* Extracted entries
----
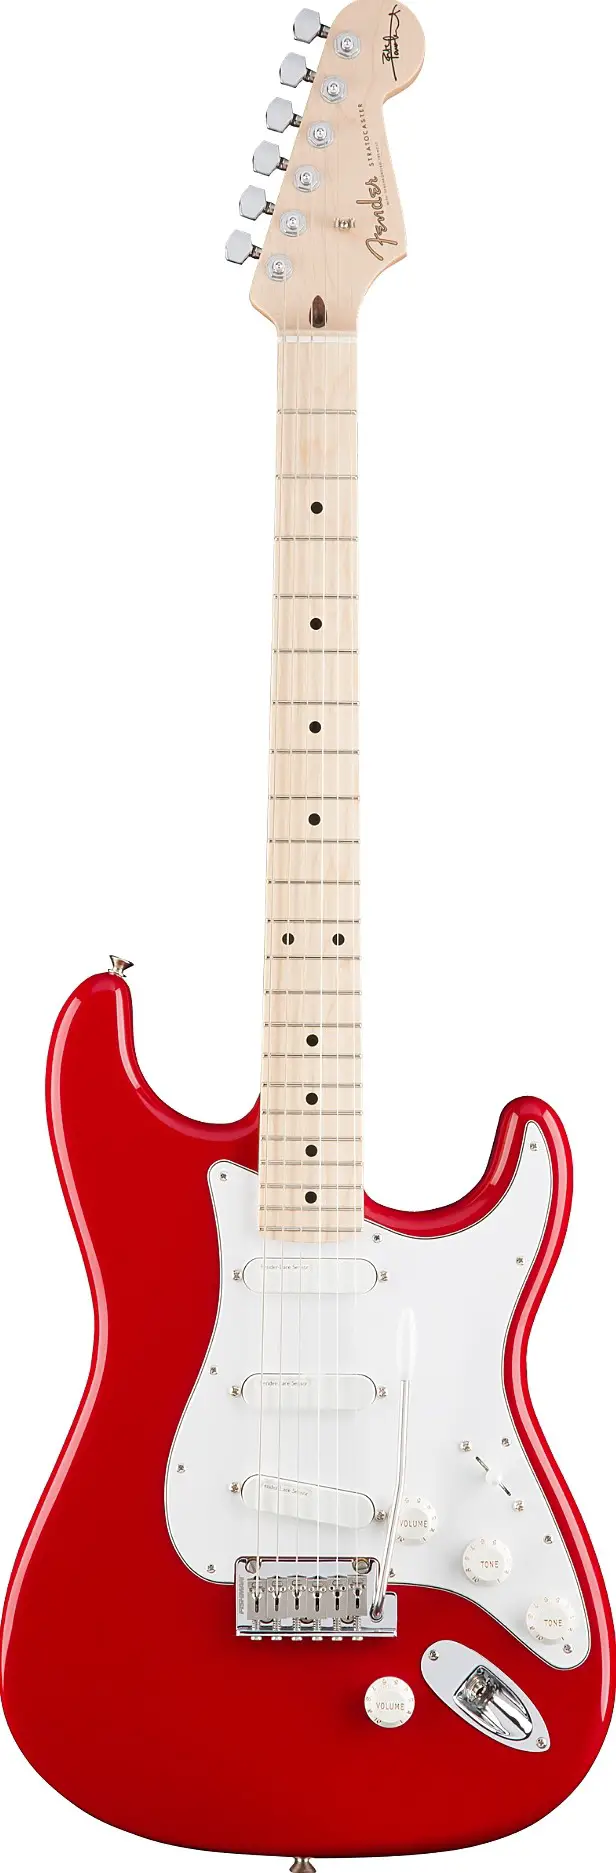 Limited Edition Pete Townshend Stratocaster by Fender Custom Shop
----
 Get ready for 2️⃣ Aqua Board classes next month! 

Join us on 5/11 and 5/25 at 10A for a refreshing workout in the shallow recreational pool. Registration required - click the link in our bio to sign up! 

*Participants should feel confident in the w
----
Print again the lines of the entries above that fall between the line holding "Join us on 5/11" and the line holding "confident in the w", inclusive, exactly as they stand.

Join us on 5/11 and 5/25 at 10A for a refreshing workout in the shallow recreational pool. Registration required - click the link in our bio to sign up! 

*Participants should feel confident in the w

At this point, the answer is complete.